§ **Activity**
Below are some records. Return exactly the lines from the one with "Aiwa CA-DW635 manual" to the one with "Volkswagen Golf GTI", and nothing else.

Excerpts from a dataset
--------------------------------

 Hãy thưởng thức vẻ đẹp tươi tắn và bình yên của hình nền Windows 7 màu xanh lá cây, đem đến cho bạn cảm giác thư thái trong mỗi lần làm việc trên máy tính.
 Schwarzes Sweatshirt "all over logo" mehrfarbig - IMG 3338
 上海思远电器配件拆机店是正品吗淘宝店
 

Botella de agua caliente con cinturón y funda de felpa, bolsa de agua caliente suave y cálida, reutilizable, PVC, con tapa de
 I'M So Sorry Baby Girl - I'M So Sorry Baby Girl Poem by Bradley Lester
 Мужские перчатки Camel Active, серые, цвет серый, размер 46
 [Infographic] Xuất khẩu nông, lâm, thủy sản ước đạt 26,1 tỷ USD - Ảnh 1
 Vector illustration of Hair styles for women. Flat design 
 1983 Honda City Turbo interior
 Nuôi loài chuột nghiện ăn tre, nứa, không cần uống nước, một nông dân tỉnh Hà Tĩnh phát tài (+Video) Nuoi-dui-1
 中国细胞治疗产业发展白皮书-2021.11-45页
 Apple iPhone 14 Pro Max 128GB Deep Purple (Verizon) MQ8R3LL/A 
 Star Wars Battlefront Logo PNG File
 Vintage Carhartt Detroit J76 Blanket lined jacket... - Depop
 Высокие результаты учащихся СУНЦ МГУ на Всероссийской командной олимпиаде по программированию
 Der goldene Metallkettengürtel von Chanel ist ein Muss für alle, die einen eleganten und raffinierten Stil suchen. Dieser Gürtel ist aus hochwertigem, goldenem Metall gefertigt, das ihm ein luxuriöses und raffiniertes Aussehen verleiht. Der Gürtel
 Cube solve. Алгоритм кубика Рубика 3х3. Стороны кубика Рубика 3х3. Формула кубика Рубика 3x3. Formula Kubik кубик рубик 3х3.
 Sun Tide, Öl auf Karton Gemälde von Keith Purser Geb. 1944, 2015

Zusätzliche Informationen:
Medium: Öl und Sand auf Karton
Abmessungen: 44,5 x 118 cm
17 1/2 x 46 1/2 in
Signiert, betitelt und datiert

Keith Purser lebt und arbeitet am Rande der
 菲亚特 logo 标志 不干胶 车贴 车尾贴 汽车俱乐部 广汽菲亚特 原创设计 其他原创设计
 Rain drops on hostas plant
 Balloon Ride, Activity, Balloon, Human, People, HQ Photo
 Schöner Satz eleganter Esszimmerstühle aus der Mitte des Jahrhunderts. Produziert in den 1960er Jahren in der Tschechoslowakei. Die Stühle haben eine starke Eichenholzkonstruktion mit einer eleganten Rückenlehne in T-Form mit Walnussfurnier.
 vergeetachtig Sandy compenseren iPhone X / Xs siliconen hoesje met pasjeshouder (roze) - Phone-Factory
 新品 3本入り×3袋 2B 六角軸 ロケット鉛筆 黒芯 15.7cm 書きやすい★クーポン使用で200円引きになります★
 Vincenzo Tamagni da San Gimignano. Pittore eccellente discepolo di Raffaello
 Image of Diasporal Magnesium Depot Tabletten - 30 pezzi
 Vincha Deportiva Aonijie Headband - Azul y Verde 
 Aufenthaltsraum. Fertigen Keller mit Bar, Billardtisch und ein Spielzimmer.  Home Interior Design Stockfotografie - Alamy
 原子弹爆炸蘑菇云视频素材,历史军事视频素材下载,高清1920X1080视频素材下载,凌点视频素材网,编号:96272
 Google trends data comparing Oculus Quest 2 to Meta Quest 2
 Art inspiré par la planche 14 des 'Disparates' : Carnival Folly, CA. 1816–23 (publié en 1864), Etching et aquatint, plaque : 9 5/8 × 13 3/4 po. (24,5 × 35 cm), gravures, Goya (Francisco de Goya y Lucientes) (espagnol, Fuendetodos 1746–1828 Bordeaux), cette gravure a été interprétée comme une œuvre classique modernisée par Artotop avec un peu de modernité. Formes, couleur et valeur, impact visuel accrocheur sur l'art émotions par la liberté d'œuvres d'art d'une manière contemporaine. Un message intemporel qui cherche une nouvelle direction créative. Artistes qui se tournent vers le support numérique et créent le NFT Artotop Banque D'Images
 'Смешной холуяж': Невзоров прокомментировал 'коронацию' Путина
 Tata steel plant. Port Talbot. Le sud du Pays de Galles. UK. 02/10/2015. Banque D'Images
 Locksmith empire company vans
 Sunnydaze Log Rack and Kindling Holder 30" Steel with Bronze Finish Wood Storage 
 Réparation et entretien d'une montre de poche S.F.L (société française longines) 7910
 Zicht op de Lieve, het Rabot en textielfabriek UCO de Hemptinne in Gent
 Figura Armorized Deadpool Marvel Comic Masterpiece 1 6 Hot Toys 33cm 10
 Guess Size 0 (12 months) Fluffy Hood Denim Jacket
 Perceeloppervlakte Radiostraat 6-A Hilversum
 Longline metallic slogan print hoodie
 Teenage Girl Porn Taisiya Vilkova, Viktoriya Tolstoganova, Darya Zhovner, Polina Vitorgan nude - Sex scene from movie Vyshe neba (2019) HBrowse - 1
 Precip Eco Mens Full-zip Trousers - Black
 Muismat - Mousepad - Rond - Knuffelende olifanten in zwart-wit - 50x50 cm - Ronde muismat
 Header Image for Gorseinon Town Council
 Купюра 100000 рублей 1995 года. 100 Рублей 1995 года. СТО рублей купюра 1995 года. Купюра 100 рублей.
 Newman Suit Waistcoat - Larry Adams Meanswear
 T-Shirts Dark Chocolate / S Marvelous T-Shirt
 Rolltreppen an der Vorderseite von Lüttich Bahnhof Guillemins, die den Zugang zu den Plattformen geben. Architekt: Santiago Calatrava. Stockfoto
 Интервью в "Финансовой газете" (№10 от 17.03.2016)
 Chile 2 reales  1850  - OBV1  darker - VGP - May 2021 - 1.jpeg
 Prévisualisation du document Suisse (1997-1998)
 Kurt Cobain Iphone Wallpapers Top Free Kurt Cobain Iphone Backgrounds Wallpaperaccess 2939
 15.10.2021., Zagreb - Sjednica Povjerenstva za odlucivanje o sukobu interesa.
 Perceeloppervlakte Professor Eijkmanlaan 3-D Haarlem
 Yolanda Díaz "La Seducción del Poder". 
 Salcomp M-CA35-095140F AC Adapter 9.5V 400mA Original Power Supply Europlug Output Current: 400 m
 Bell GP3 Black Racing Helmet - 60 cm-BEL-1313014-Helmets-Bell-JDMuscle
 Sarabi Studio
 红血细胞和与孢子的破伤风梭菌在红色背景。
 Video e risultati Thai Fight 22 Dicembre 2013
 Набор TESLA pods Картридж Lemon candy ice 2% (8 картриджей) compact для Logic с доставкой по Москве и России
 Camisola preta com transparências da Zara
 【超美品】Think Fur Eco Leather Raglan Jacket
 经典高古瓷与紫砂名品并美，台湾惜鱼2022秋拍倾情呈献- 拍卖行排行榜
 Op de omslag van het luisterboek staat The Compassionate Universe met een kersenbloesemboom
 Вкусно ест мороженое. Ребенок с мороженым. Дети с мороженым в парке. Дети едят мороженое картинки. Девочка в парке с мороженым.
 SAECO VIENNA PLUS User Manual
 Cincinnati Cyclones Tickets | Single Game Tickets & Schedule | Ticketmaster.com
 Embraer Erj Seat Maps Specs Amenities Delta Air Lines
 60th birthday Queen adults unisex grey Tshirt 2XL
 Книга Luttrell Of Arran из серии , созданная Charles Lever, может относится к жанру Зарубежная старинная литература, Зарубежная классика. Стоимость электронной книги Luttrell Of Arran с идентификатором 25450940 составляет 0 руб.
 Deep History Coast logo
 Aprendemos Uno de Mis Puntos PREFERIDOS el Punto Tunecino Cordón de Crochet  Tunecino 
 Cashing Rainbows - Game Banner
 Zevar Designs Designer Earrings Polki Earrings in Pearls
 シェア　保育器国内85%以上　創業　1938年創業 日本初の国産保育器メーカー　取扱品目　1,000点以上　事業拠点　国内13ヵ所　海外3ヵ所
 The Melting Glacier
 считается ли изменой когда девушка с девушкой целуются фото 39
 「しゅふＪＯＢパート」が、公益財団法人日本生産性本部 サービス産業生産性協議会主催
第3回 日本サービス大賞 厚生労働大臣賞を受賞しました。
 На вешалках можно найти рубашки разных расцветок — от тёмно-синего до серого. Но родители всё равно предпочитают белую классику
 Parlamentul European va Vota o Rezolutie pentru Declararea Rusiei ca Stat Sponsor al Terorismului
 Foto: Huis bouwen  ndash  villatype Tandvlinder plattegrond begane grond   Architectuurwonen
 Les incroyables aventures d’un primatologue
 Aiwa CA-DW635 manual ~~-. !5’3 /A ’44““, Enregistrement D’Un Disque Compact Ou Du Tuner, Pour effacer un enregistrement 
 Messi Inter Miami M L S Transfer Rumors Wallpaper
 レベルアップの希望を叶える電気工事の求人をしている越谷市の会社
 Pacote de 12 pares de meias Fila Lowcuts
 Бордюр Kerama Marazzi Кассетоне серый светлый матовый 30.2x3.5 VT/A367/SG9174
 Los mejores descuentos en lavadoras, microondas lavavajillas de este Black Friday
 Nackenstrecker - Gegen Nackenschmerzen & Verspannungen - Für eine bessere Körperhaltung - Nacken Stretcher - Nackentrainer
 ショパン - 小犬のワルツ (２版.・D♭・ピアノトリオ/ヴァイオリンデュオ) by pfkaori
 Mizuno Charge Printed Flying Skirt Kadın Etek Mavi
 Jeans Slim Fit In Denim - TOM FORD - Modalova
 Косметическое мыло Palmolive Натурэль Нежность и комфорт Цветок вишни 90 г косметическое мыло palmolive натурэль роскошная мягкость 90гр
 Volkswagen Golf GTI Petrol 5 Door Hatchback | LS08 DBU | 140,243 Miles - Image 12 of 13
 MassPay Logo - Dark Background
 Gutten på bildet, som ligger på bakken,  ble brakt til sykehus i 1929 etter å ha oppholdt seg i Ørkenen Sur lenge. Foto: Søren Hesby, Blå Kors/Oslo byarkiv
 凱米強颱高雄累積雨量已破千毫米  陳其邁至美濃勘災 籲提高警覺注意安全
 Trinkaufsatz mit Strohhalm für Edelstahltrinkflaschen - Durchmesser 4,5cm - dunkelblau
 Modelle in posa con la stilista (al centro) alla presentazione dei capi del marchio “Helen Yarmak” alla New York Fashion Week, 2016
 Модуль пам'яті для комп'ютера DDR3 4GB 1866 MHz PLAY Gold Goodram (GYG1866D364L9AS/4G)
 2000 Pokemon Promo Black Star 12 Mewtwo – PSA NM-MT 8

--------------------------------

§ **Task output**
 Aiwa CA-DW635 manual ~~-. !5’3 /A ’44““, Enregistrement D’Un Disque Compact Ou Du Tuner, Pour effacer un enregistrement 
 Messi Inter Miami M L S Transfer Rumors Wallpaper
 レベルアップの希望を叶える電気工事の求人をしている越谷市の会社
 Pacote de 12 pares de meias Fila Lowcuts
 Бордюр Kerama Marazzi Кассетоне серый светлый матовый 30.2x3.5 VT/A367/SG9174
 Los mejores descuentos en lavadoras, microondas lavavajillas de este Black Friday
 Nackenstrecker - Gegen Nackenschmerzen & Verspannungen - Für eine bessere Körperhaltung - Nacken Stretcher - Nackentrainer
 ショパン - 小犬のワルツ (２版.・D♭・ピアノトリオ/ヴァイオリンデュオ) by pfkaori
 Mizuno Charge Printed Flying Skirt Kadın Etek Mavi
 Jeans Slim Fit In Denim - TOM FORD - Modalova
 Косметическое мыло Palmolive Натурэль Нежность и комфорт Цветок вишни 90 г косметическое мыло palmolive натурэль роскошная мягкость 90гр
 Volkswagen Golf GTI Petrol 5 Door Hatchback | LS08 DBU | 140,243 Miles - Image 12 of 13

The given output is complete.